Nel film due figure femminili, suor Agnese e Vanda, le più razionali, autorevoli ed emancipate dei personaggi, una sorta di ritratto di ogni famiglia: «Compresa la mia, la tua, no? Le donne sono più dritte – racconta Claudio Bisio – certo. Vanda soprattutto. Accetta Italo come capogita ma in realtà è lei che comanda». Il giornalista chiede quindi al noto attore e neo regista quando è stato l’ultima volta bambino: «Mah… Forse quando i miei genitori si separarono. Ero un bimbo ventenne, un po’ troppo cresciuto. Avevo capito che stava accadendo qualcosa di serio in famiglia, decisi di anticipare il servizio militare per poi uscire di casa, mantenendomi lavorando. Del resto i miei due figli, Alice e Federico, anni 25 e 27, sono fuori Italia ma la loro base resta questa, il luogo dove sono cresciuti». Bisio è sulla scena da ormai vent’anni, e ogni anno racconta di volersi prendere una pausa: .«Però ho rallentato il ritmo. Anche causa protesi all’anca. Ho girato l’ultimo film da attore due anni fa. Sono più tranquillo e più sereno».



CLAUDIO BISIO: “UN COMICO DI ZELIG CHE FA UN FILM SULLA SHOAH…”

Sui suoi figli Bisio racconta: «Belli, diversi tra loro, presi da fatiche simili. Alice sta lavorando a Berlino, uno stage. Ha studiato scienze politiche come la sua mamma. Federico si è specializzato in elaborazioni in 3D, si occupa di effetti speciali e postproduzioni video. In qualche modo si è avvicinato al mio mondo. Consigli? Aiuti? Neanche a parlarne. Io? Ho fatto domanda per la pensione. Un umarell pronto per i lavori stradali. Poi, qualche progetto con Sandra, dopo vent’anni di matrimonio. Viaggi, più lunghi delle solite vacanze». E ancora: «Non rinnego nulla di ciò che ho fatto in passato, oggi mi propongono solo commedie e fatico persino a leggere i copioni. Vabbè. Bellocchio non mi ha mai chiamato e mai mi chiamerà, pazienza, ma ripetere cose che in qualche modo ho già detto non mi attrae granché.
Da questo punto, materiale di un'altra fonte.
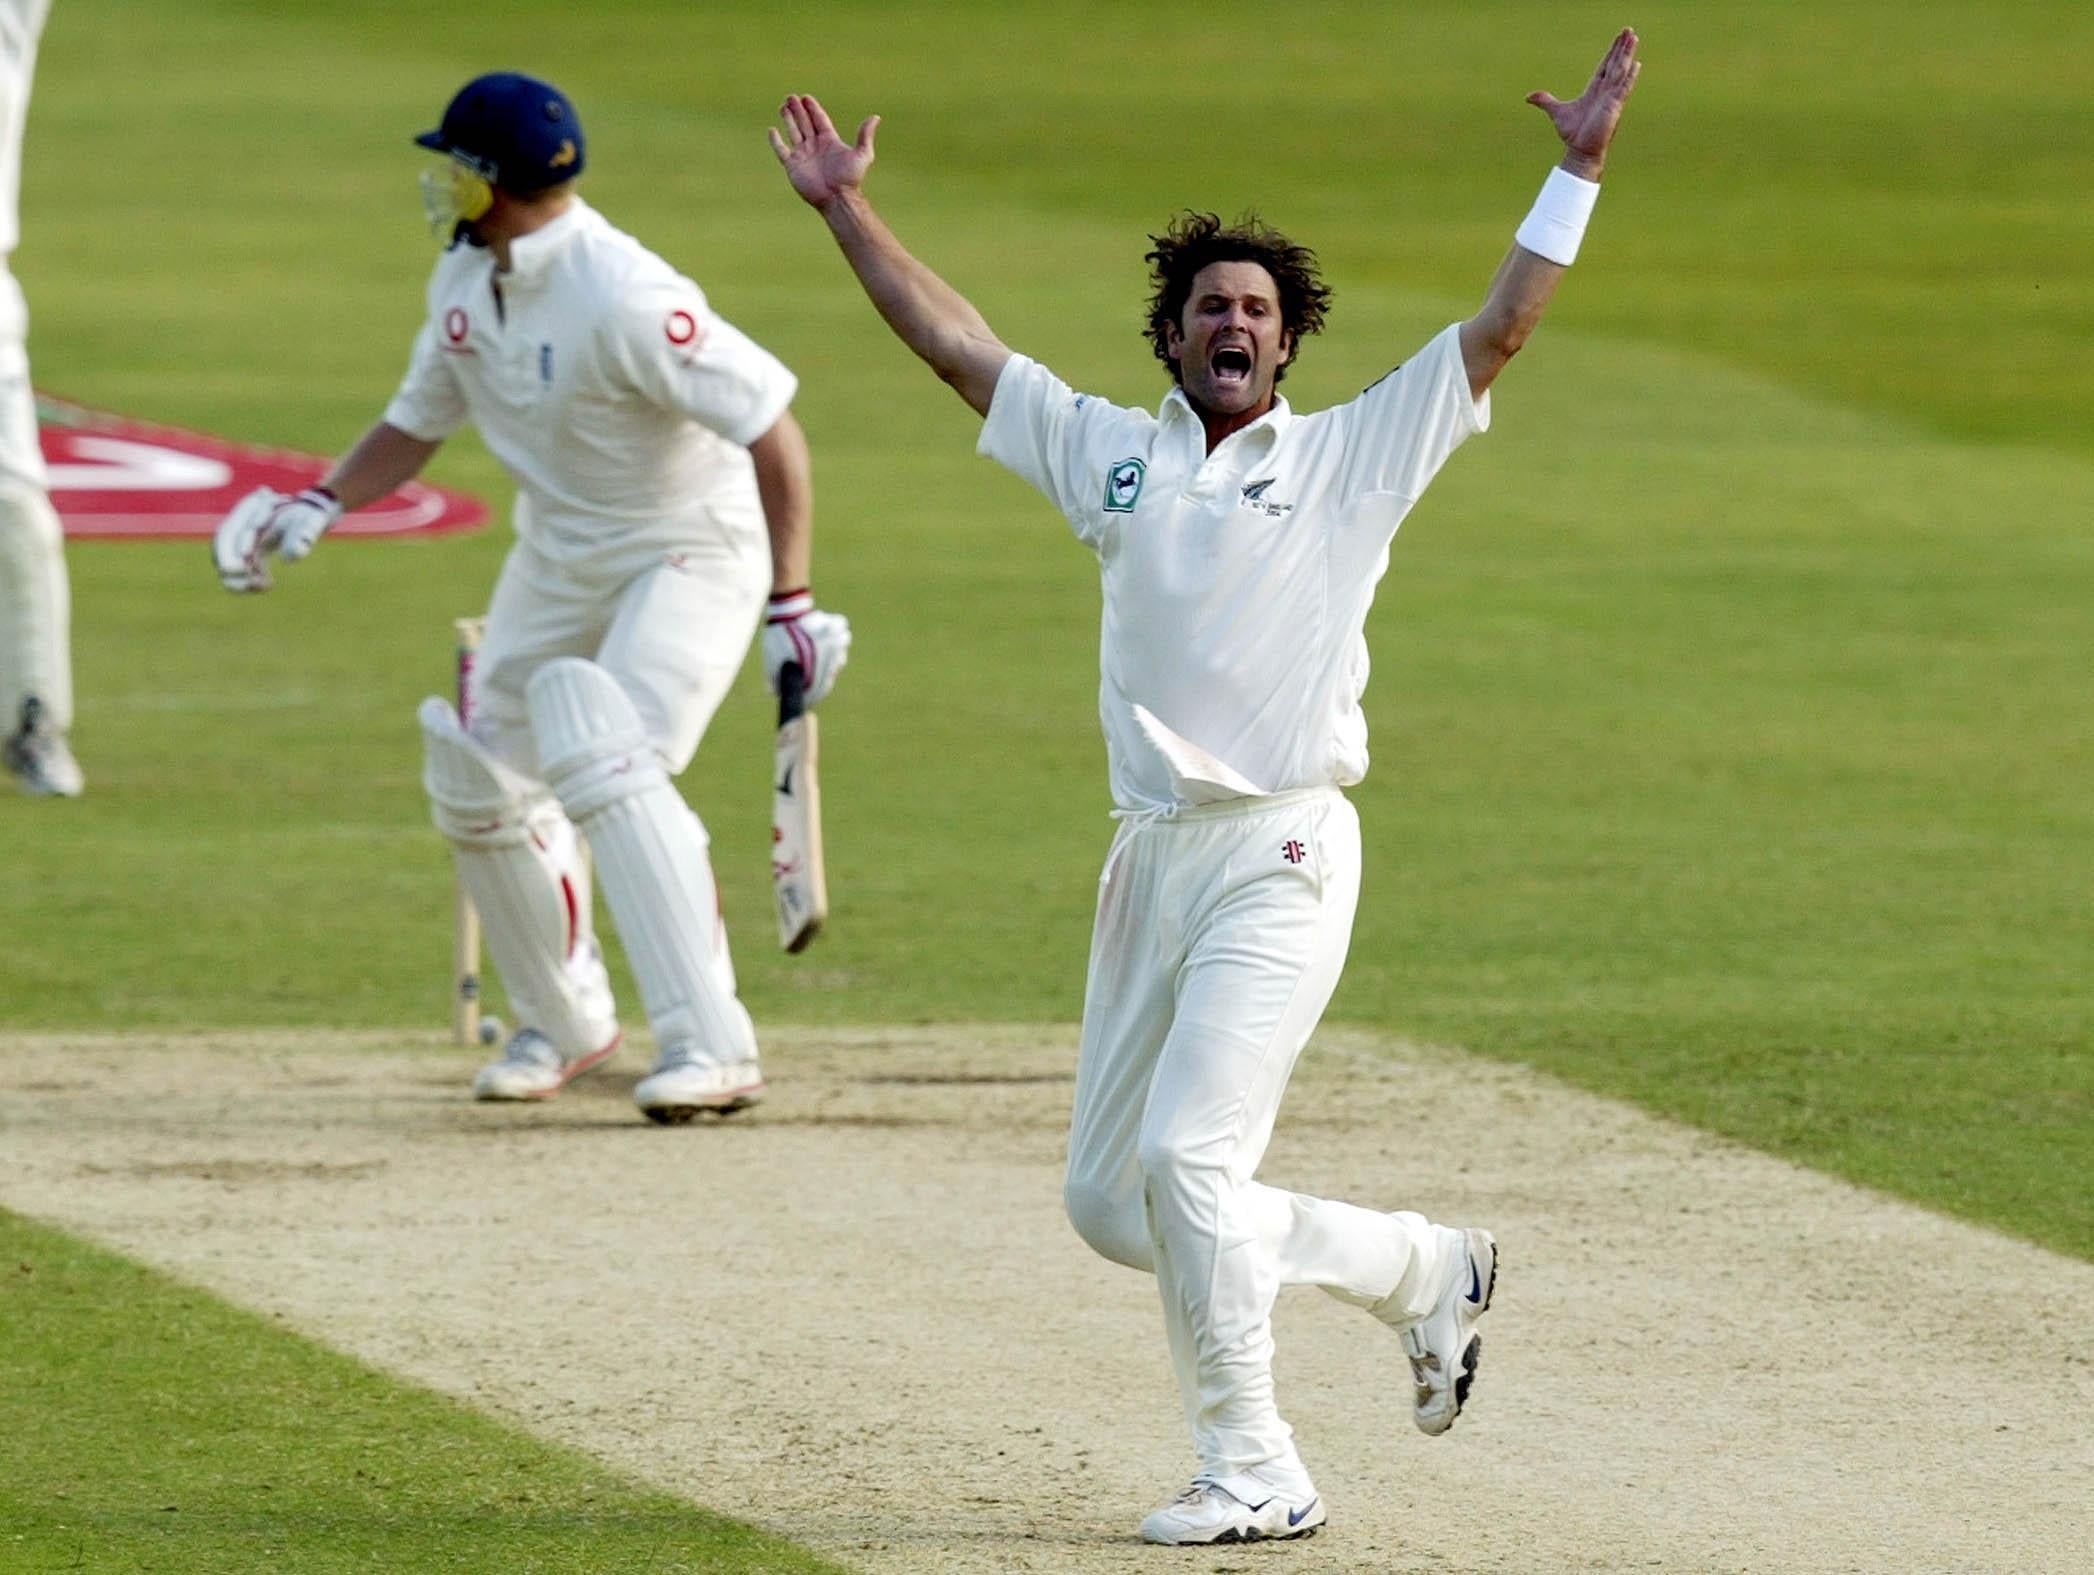 New Zealand’s Chris Cairns is recovering from a spinal stroke (David Davies/PA)
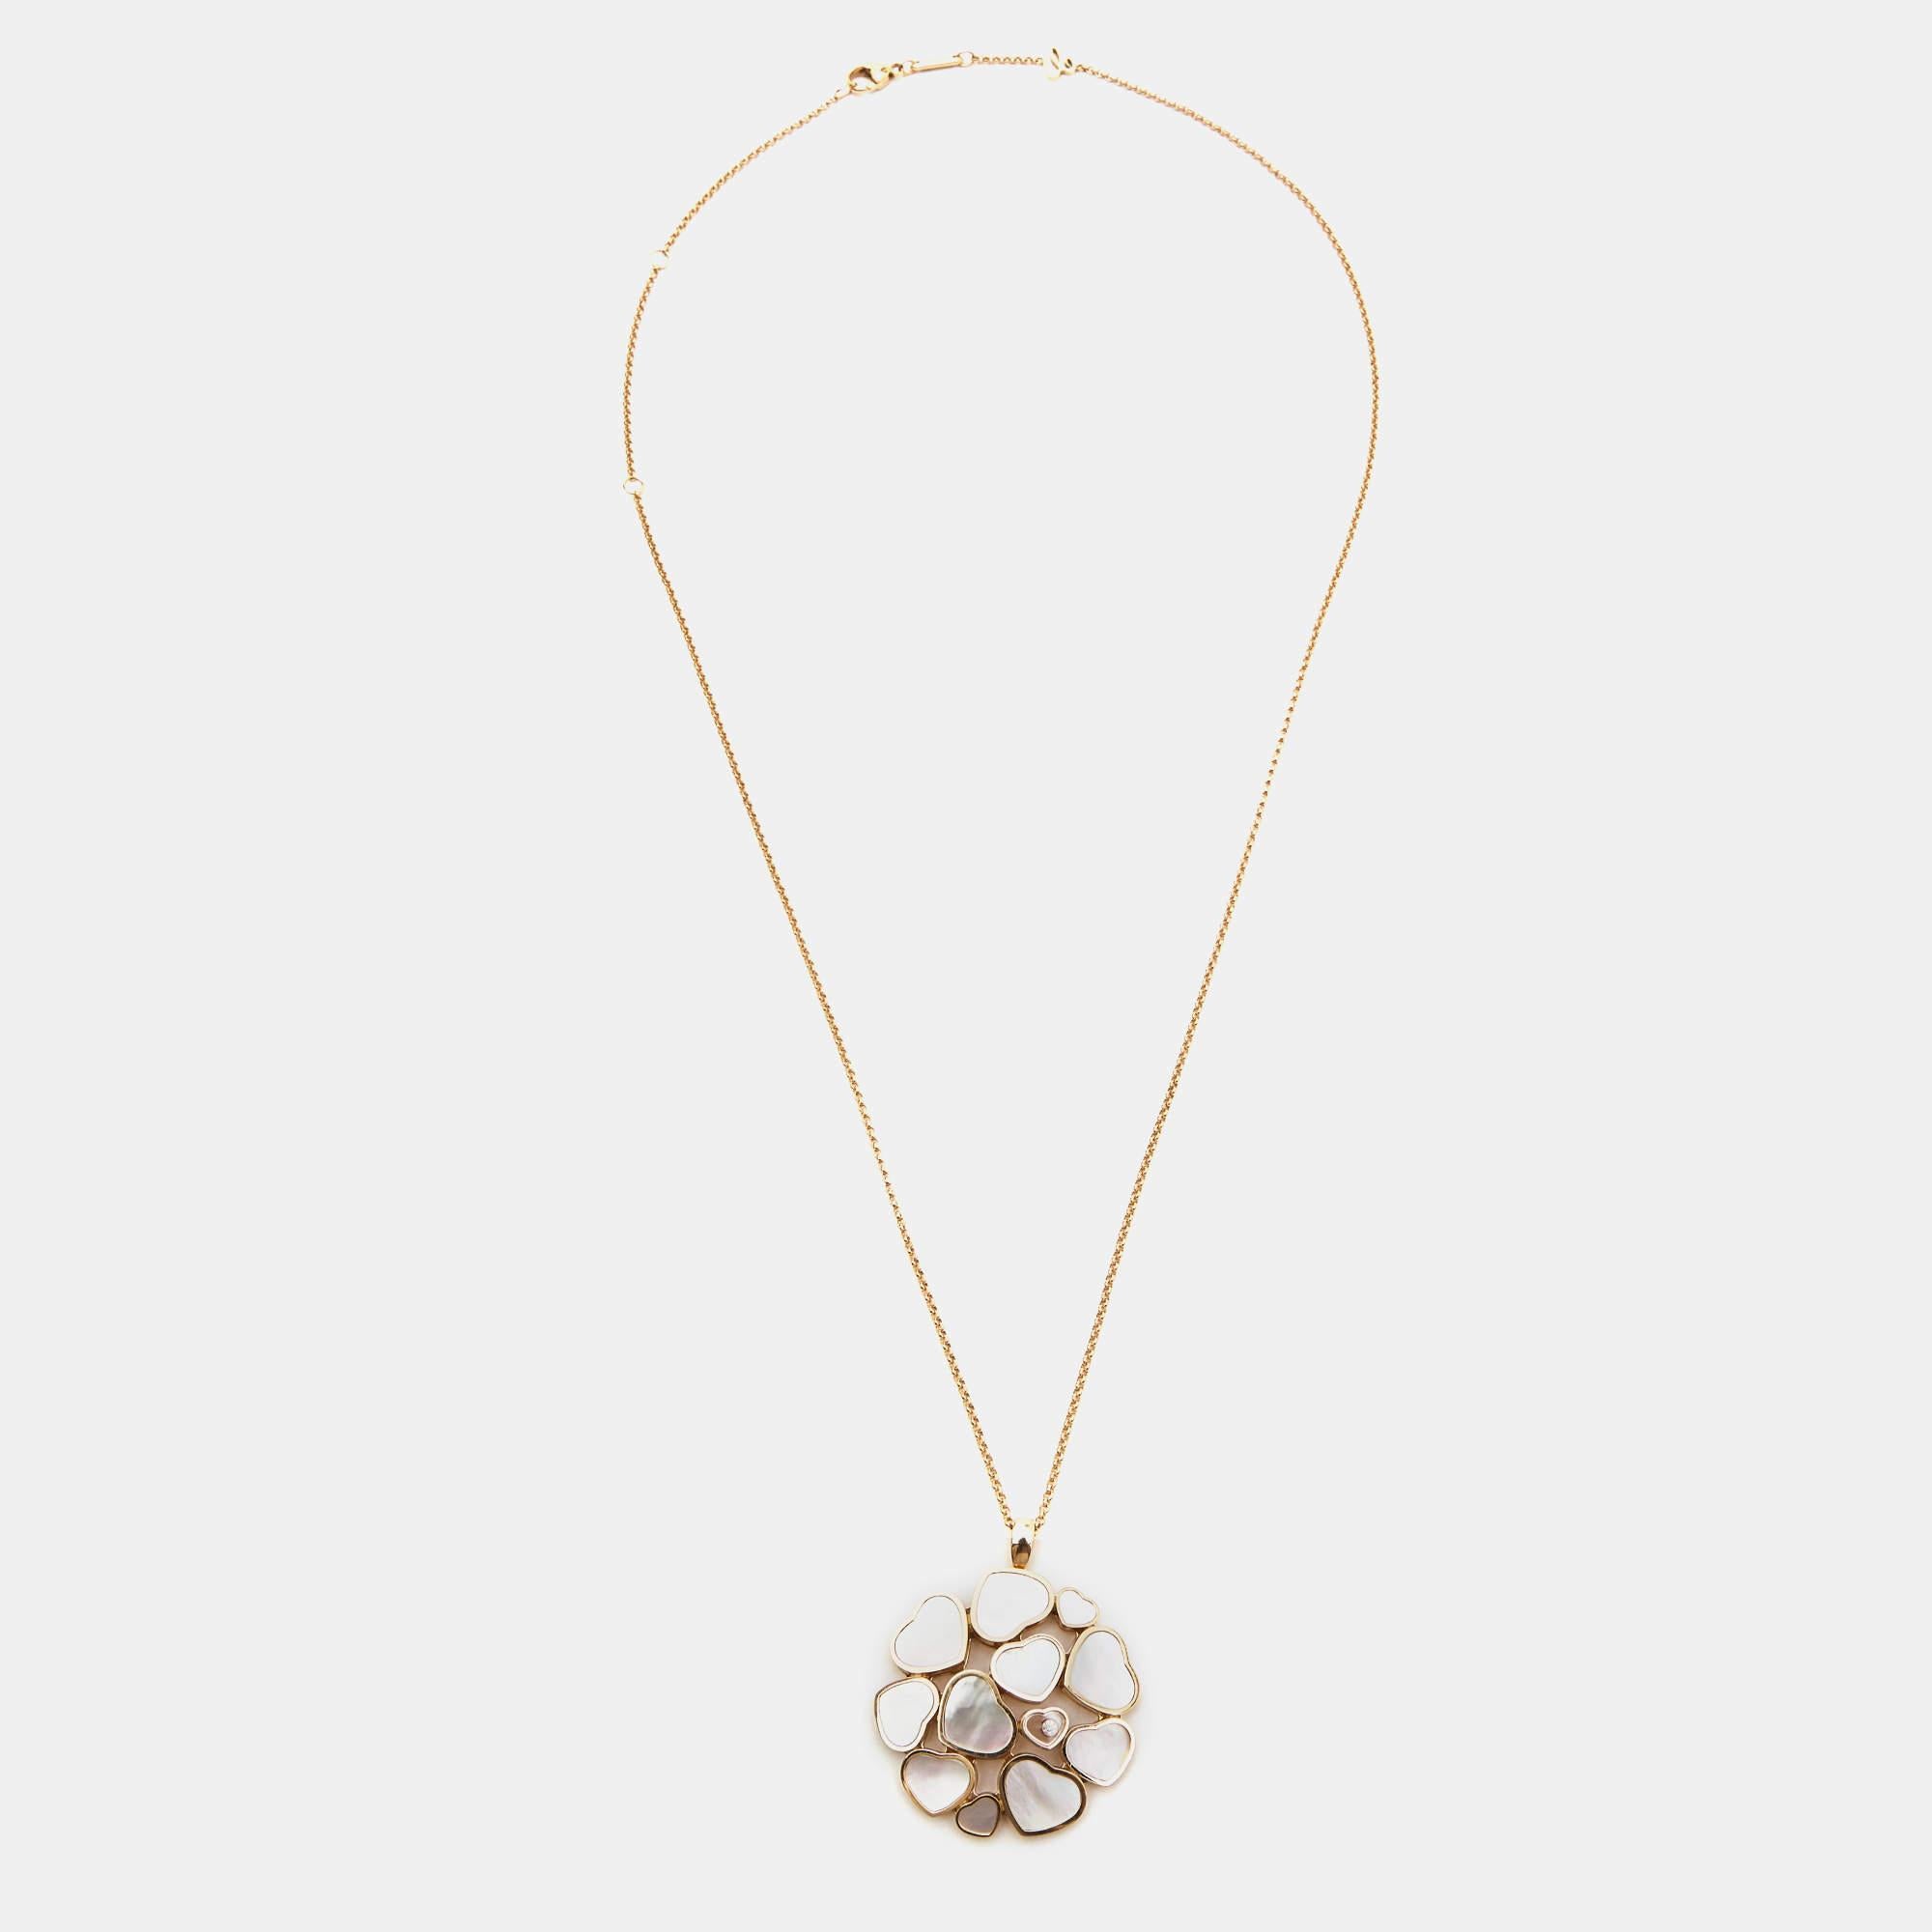 Delicately crafted, the Chopard Happy Hearts necklace exudes timeless grace. Fashioned from 18k rose gold, its pendant features a captivating mother-of-pearl heart embraced by sparkling diamonds, symbolizing love and elegance. This exquisite piece

La scelta di farmi operare è stata deliberata, avrei potuto aspettare. Ma intanto mi ha permesso di dire qualche no».



Chiusura dedicata di nuovo al suo film: «Un comico di Zelig che fa un film sulla Shoah? Può suonare male. Per questo non vedo l’ora che le persone lo vedano, magari apprezzando il coraggio, la voglia di affrontare un capitolo nuovo del mio percorso. Non c’è altro, nessuna strategia. Solo una bella favola che, per me, valeva la pena di raccontare e, spero, di ascoltare».